01. Anonym, “Trust Me” [Sushitech]
02. Willie Graff & Tuccillo, “Give You Up” (Chez Damier Interpretation)
[Freerange Records]
03. Lee Curtiss, “The Glow” [Cityfox Ltd.]
04. Heaven & Earth, “Prescription Every Night” [Running Back]
05. K Boys, “Got the Love” [Everything]
06. Cole Medina, “Red Hot” (The Mole’s MMD Remix) [Internasjonal]
07. Levon Vincent, “Double Jointed Sex Freak” (Part 3) [Novel Sound]
08. Unknown artist, “Untitled B1” [Midnight Hours]
09. Lewie Day, “That’s the Thing” (Lee Curtiss Remix) [Murmur Records]
10. Nico Purman, “All That Glitters Ain’t Gold” [Vakant LTD]
11. Norm Talley, “Cosmic Waves” (Delano Smith Remix) [Pariter]
12. Skudge, “Convolution” [Skudge]
13. Claro Intelecto, “Back In the Day” [Modern Love]

Mathias Kaden said in an interview that he’s seen you DJ multiple times and that you vary greatly from set to set. What sound were you representing on your LWE podcast mix? Is it fairly similar to what you would play at a club gig?

Nico Purman: The sound of the this podcast is deep at the beginning, more house, funk/disco and some deep techno at the end. At a club sometimes it’s different because it really depends at what time you play, and if the club is big or small. I really prefer to make things deeper where the people enjoy more the music in itself, than to overexcite the crowd with banging beats and noises. I play some old tracks mixed with new; I like to share feelings, emotions, and influences at the same time.

What was your local Argentinean dance music scene like as you were growing into being a producer? What was it like when you left for Berlin?

The scene in Argentina is not as in Europe, of course, but there are a lot of talented artists and DJ friends who are doing a great job. Some are following the ones who had success and try to copy the formula, and some are really creative people who don’t go with the flow, and this is interesting. But about the club scene, there are big clubs that spends thousand of euros on commercial acts and the trance scene was really big, so there are not too many options for the good music. There’s some small clubs that are trying for years to keep the underground alive and they’re doing a great job, like Cocoliche in Buenos Aires or any other small venue that tries to focus the party on the music.

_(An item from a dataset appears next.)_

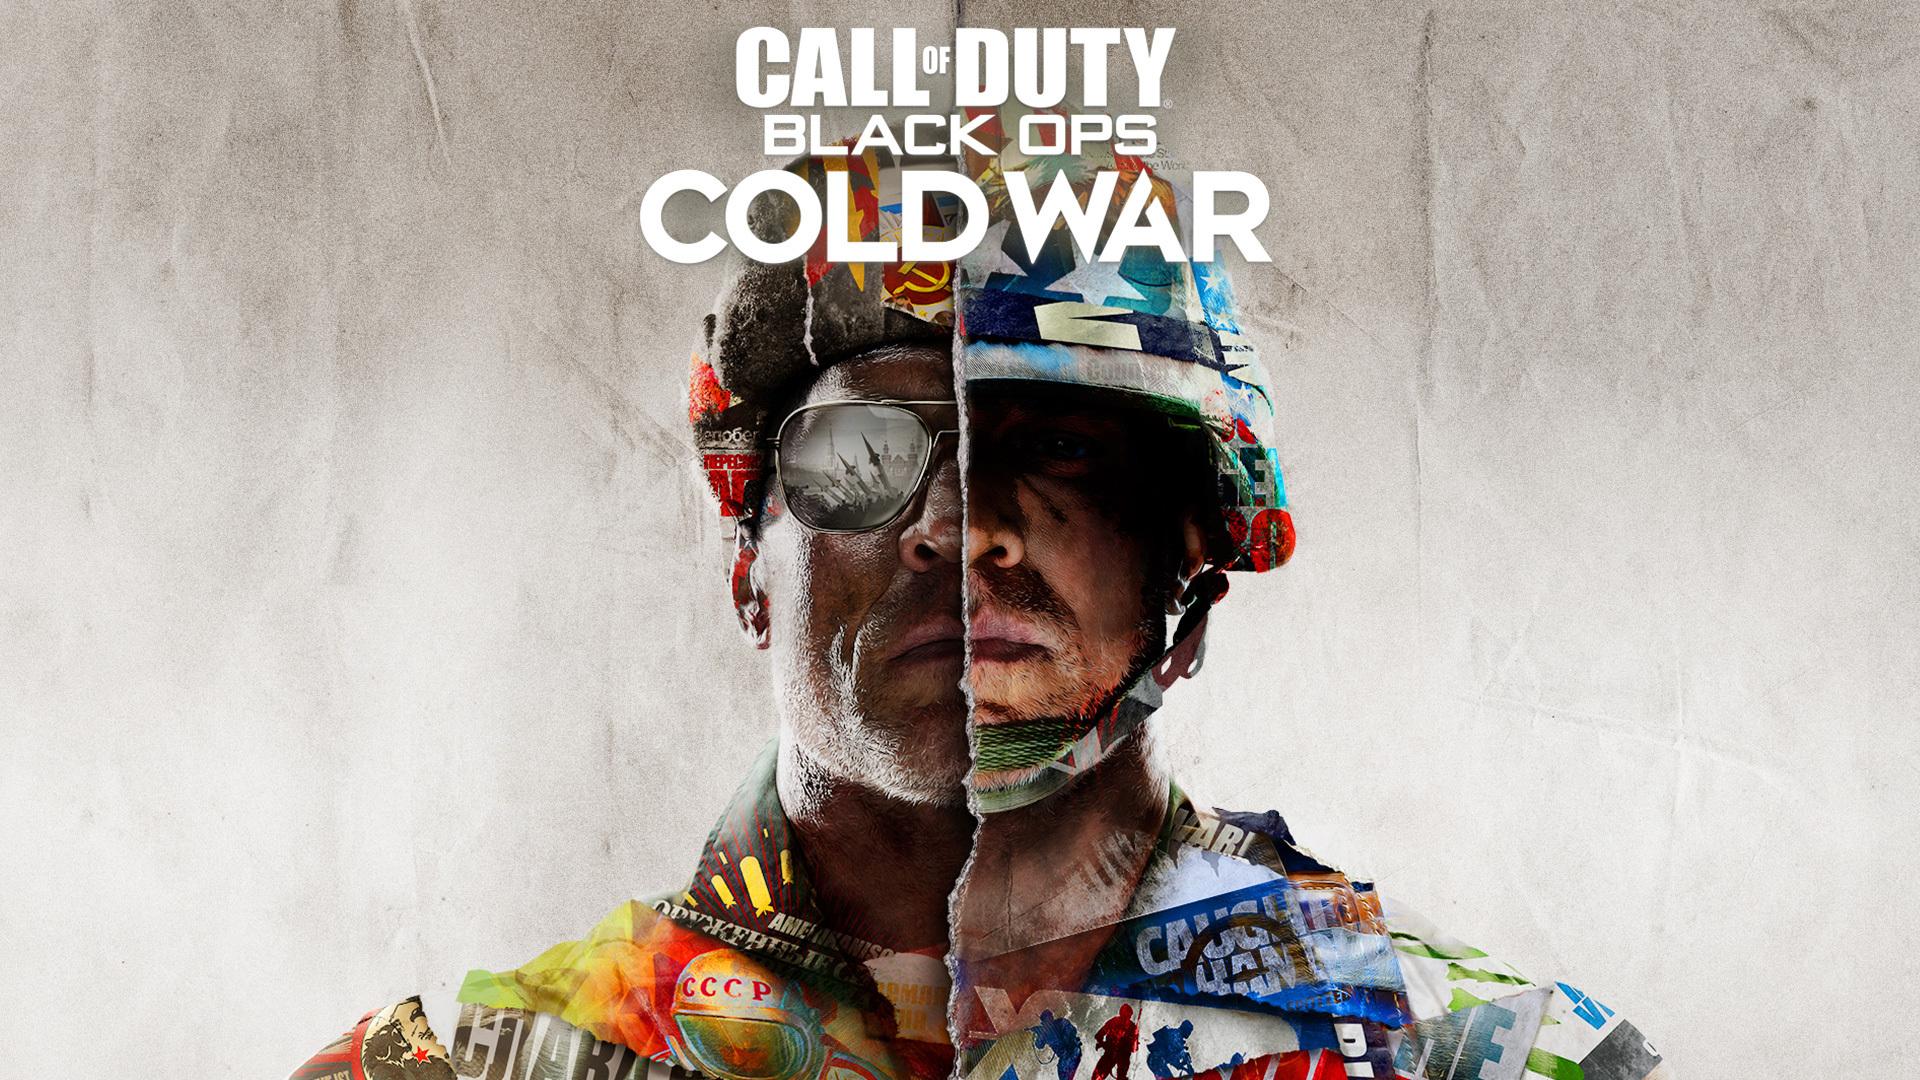 Call of Duty Black Ops: Cold War [PS4] £41.68 (OR PS4 + PS5 Cross-Gen Bundle £51.72) Pre Order @ PlayStation Network US via Eneba

From what I’ve read you were introduced to Belgian New Beat and Chicago acid house more or less as it was happening. How did you get ahold of these imported records in Argentina? What was that like for your young mind? Hearing them, did you know you wanted to make music like that at some point?

I used to go to a record store in the city I lived, Rosario, and they brought white labels compilations with this music, the pirate vinyl. It was made by DJs who had the original vinyls and pressed vinyl compilations with four tracks — it was dance music at 110 bpm and all the people liked in the clubs. I used to go to some clubs with my brother and we knew all the tracks and loved the music when we were kids. And then I ordered
some records from someone who traveled a lot — he worked for an airline, and he brought me some good stuff.

I understand you were a drummer in rock groups. Did you start out DJing or drumming? At what point did you begin producing your own music?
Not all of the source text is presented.